Hirscher skied just four-hundredths of a second slower than Kristoffersen in the second run. 

And still won by 1.27. 

That is physicality and intelligence, ski genius, made manifest.

“He’s in his own league,” Kristofferson said of Hirscher. “We are fighting for silver and bronze, for sure.”

American Ryan Cochran-Siegle’s second-run time — third-fastest — moved him from 21st after run one to a tie for 11th (with Canada’s Erik Read), the top American finish. Tommy Ford was 20th. 

In winning, Hirscher :

— became the first man to win the super-combined and the GS at the same Olympics,

— became the 10th man to win multiple golds at a single Winter Games and the first since another Austrian, Benny Raich in Torino in 2006, and

— joined Raich, Hermann Maier and Matthias Mayer (two) and Toni Sailer (three) as the only Austrian men with multiple alpine ski gold medals.

Sailer, Jean-Claude Killy of France, Croatia’s Janica Kostelić: three alpine ski golds at a single Games is rare air, indeed.

At a post-race news question, Hirscher was, naturally, asked whether he was thinking about three gold medals.
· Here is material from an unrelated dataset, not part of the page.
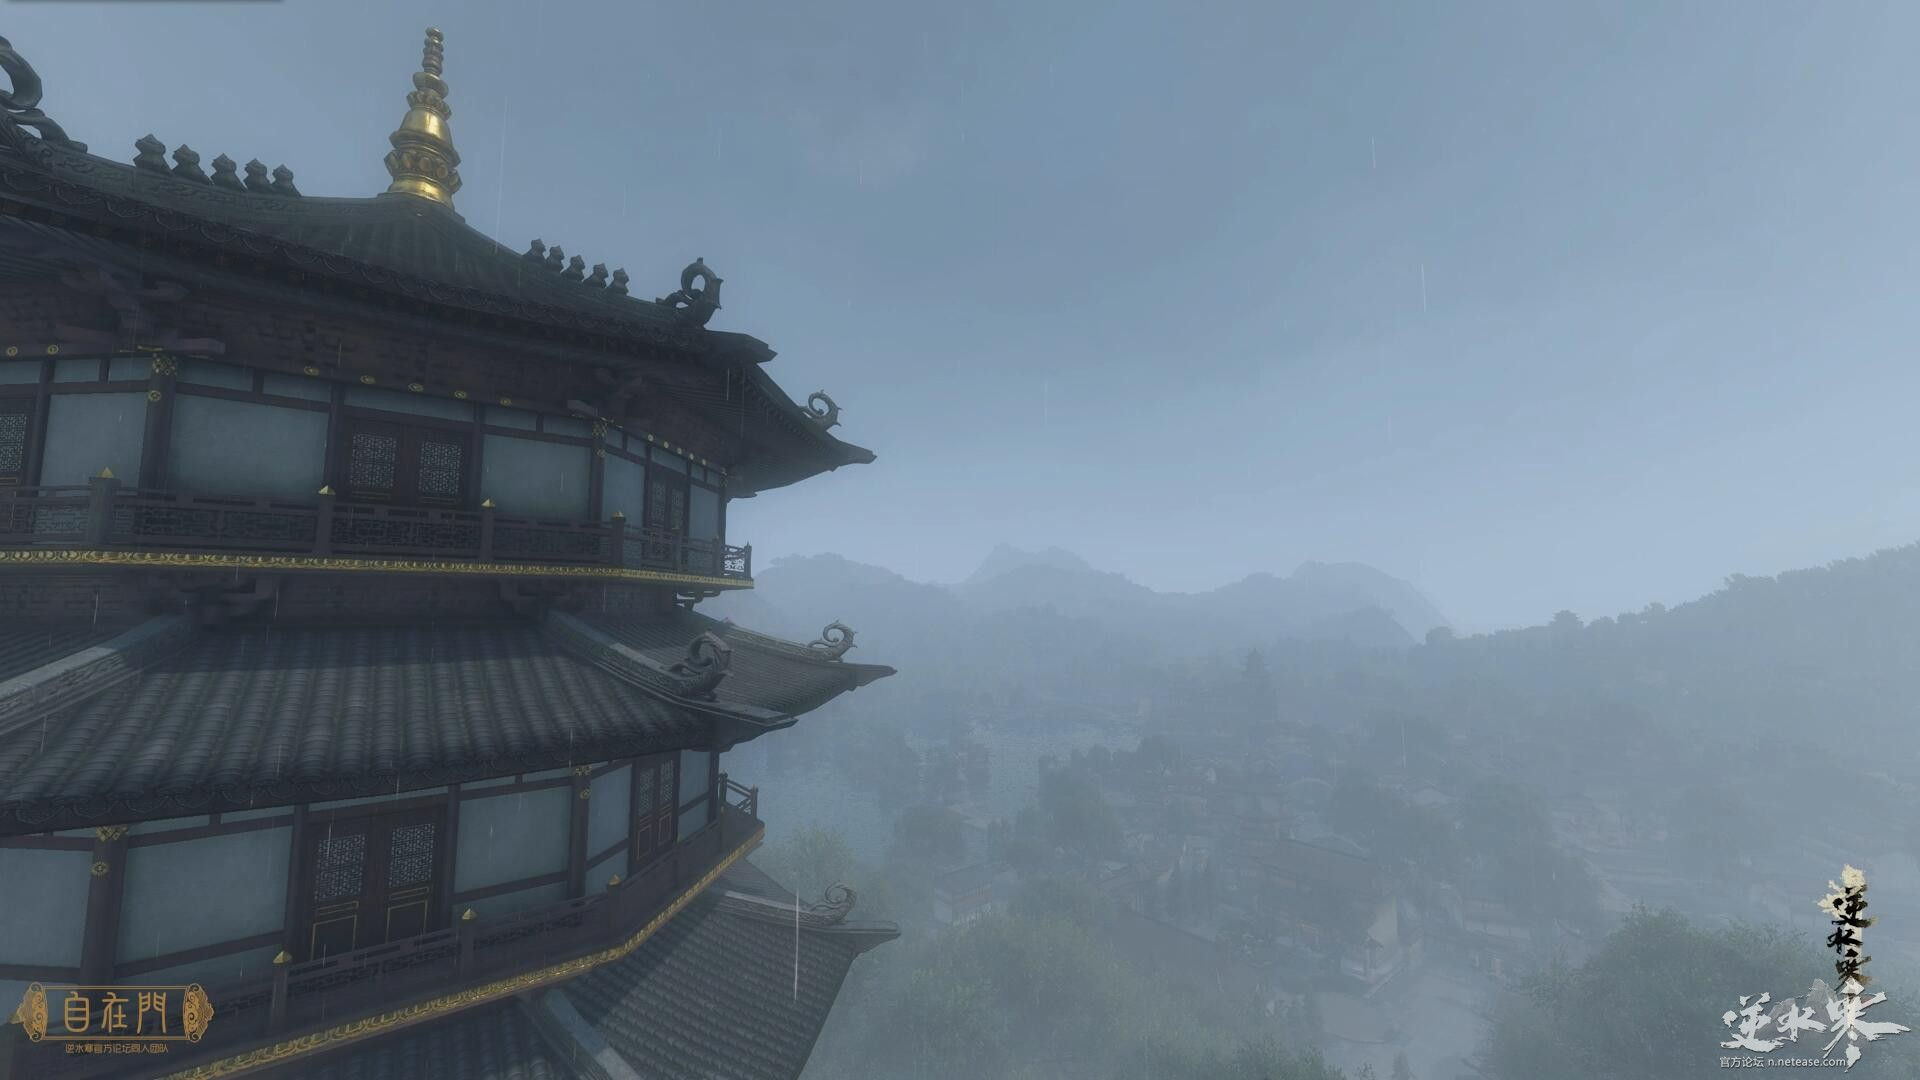 【自在门】【视频】逆水寒延时摄影之杭州雷峰塔

The answer: “No.”

You haven’t been thinking about this, really? “Not at all.”

Seriously? “I didn’t think about the slalom race until you asked me this question.”

Also, this, a few moments before, and Marcel Hirscher will be here all week: 

“It’s a new race. Now people are expecting the same things. So it will be the same situation. We will see. Right now, I can feel that I am getting a little tired a little bit. We are already two and a half weeks here. Always, very cold temperatures. Sorry, friends of Asia, but right now I can’t see rice anymore. Two and a half weeks of rice for a European guy is — pretty much.”